Guided by the results of the binding experiments performed in nanodiscs, we reconstituted affinity chromatography-purified hSMVT (see Fig. 3D) in liposomes premade with polar E. coli lipids that contained 10% (w/w) cholesterol. Previous studies (28) revealed the location of the hSMVT C terminus in the cytoplasm. Assessing the accessibility of the His tag (located at the C terminus of hSMVT) in hSMVT-containing proteoliposomes with Ni2+ chelate affinity-based immobilization revealed that the transporter is unidirectionally oriented in outside-out orientation in the proteoliposome membrane (Fig. 5A). Uptake of 0.83 μm R-[3H]LA in hSMVT-containing proteoliposomes was strictly dependent on the presence of Na+ as the time course of uptake in the absence of NaCl was virtually indistinguishable from that observed in control liposomes lacking hSMVT (Fig. 5B). In the presence of 100 mm NaCl, the time course of R-[3H]LA uptake peaked at about 10 min and showed a decline to equilibrium conditions at ≥3 h. Using the initial linear portion of uptake for the determination of the kinetics of R-LA transport, we measured 1-min intervals of R-[3H]LA transport with varying concentrations ranging from 0.2 to 53 μm. hSMVT-mediated transport was concentration-dependent with a concentration constant (Km) at 50% of the Vmax of 3.9 ± 0.6 μm and a Vmax of 983.8 ± 43.4 nmol × mg of hSMVT−1 × min−1 (Fig. 5C). Transforming this number revealed a kcat of transport of 1.13 ± 0.05 s−1. Given the orientation of hSMVT in the proteoliposome membrane (Fig. 5A), this result indicates that the determined kcat reflects the activity of hSMVT under physiological conditions, i.e. mediating the intracellular delivery of lipoic acid from the external medium.

FIGURE 5.
Activity of hSMVT in proteoliposomes. Affinity chromatography-purified hSMVT was reconstituted into preformed liposomes made of E. coli lipids containing 10% (w/w) cholesterol. A, silver-stained SDS-PAGE of hSMVT-containing proteoliposomes. Proteoliposomes ...

Discussion

R-LA is an essential cofactor in many biological enzymatic reactions. In particular, R-LA serves as cofactor in central redox reactions related to energy production in the cell (4, 7). Furthermore, free LA is an effective biological antioxidant due to the high energy content of the disulfide group in LA. The disulfide in LA is in a dithiolane, a five-membered ring, with a dihedral angle of 35°. This constellation results in an energetically unfavorable interaction of the orbital of the lone pz electron pairs of the sulfur atoms that in turn exerts a high energy content of the disulfide group of LA with oxidizing species (29). Because of this potent hydroxyl scavenger and chelating potential, LA has gained a salutatory role as a food supplement and in the treatment of several clinical conditions such as Amanita mushroom poisoning (30), diabetic neuropathy (31), Alzheimer disease (11), Parkinson disease (12), and multiple sclerosis (13). However, although only R-LA has been identified as the biologically active form of LA (32), R,S-LA has been administered in therapeutic applications as well as in food supplements simply due to more cost-efficient achiral production processes that were introduced in the 1950s (33). Whereas S-LA (as free form or in R,S-LA) is considered non-toxic, there is evidence that S-LA can adversely affect the activity of R-LA (34). To test whether this effect can be attributed to the cellular delivery of LA by the Na+/multivitamin transporter, the transport system suggested to be central in the transport of LA (16), we characterized the interaction of LA with hSMVT using transport and binding studies.

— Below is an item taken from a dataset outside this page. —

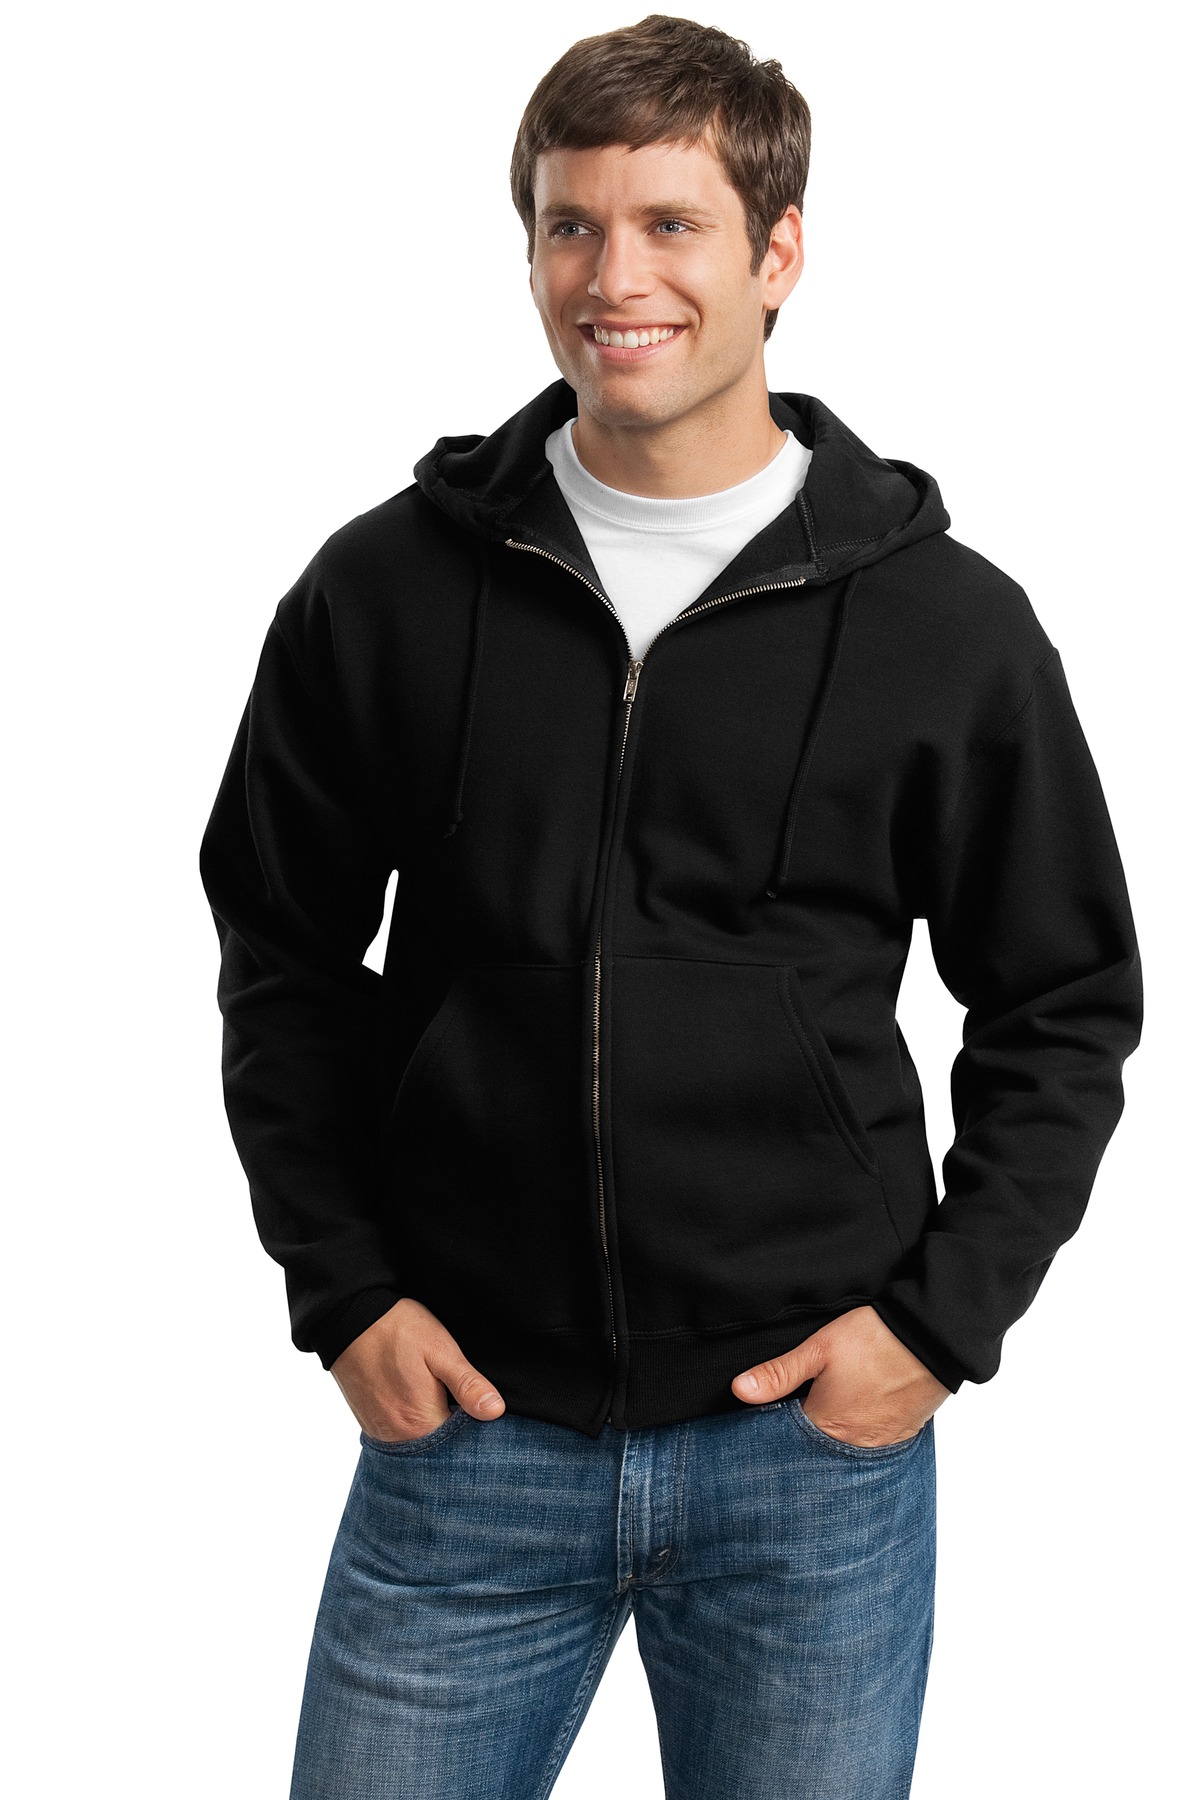 JERZEES Super Sweats NuBlend - Full-Zip Hooded Sweatshirt....

hSMVT is a member of the SLC5 gene family (SLC5A6) (35) of the solute:sodium symporter family (36). hSMVT has been identified in essentially every tissue of the body (16) where it mediates the Na+-dependent transport of the two vitamins biotin and pantothenic acid and iodide (I) (16, 18). In analogy to Na+-coupled substrate uptake of related SLC5 members SGLT1 (the Na+/glucose transporter 1; SLC5A1) and the Na+/iodide symporter (SLC5A5) (for recent reviews, see Refs. 37 and 38)), hSMVT has been suggested to couple the flux of its substrates to the flux of Na+. By using radiolabeled LA, we recently showed that in addition to biotin, pantothenic acid (16), and iodide (18) hSMVT transports racemic LA (18). However, in contrast to the favorable signal-to-noise ratios observed for the transport of biotin, pantothenic acid, and I at concentrations close to their reported (apparent) affinities, uptake of racemic R,S-LA exhibited a rather low signal-to-noise ratio (Fig. 2A). Using radiolabeled R-LA, the biologically active form of LA, the signal-to-noise ratio of the uptake measurements performed with hSMVT-expressing oocytes increased dramatically, thus suggesting that R-LA is indeed the physiological substrate of hSMVT. Competition experiments involving the S and R,S isoforms of LA confirm this notion. Testing the effect of biotin and pantothenic acid, the other two organic substrates of hSMVT, on R-LA uptake revealed different levels of inhibition. This may indicate that biotin is competing with R-LA for the same site(s). Conversely, the relatively low inhibitory effect observed for pantothenic acid may indicate that different sites are used for R-LA and pantothenic acid transport. This complex interaction of hSMVT with its substrates requires a thorough analysis that is the subject of our ongoing investigations.

To assess the stereospecificity of the interaction of hSMVT with LA, hSMVT was successfully expressed in P. pastoris and purified in functional form. This allowed for the direct characterization of the LA-specific binding kinetics in purified, detergent-solubilized form as well as reconstituted in nanodiscs (21). Performing the reconstitution in this artificial membrane system of defined lipid composition showed that the addition of cholesterol increased the incorporation efficiency of hSMVT in the membrane lipid bilayer; however, the lipid composition had no significant effect on the activity of hSMVT per se. Guided by these results, we measured the LA uptake kinetics of hSMVT-reconstituted proteoliposomes containing 10% cholesterol. Transport of R-LA by hSMVT was Na+-dependent and yielded a Km of 3.9 ± 0.6 μm, a value virtually identical to that obtained in hSMVT-expressing oocytes (4.0 ± 0.5 μm). The catalytic turnover number of hSMVT-mediated transport (about 1 molecule of R-LA per s) is well in agreement with the turnover numbers described for other Na+-dependent solute transporters (26, 39,43). Furthermore, accessibility measurements of the His tag, which served as a reporter for the location of the C terminus (located in the cytoplasm in cellular systems), revealed that hSMVT is inserted in physiologically “correct” orientation; i.e. its cytoplasmic face is located in the lumen of the proteoliposomes. Thus, the kcat determined in our measurements can be considered as the catalytic turnover number of the uptake reaction that mediates the translocation of LA from the extracellular milieu into the cytoplasm. Taken together, these results strongly suggest that the expression of hSMVT in P. pastoris, its subsequent detergent-based extraction from the P. pastoris membrane, and purification maintain hSMVT in fully functional form. Note that the glycosylation pattern in oocytes is similar to that observed in the yeast.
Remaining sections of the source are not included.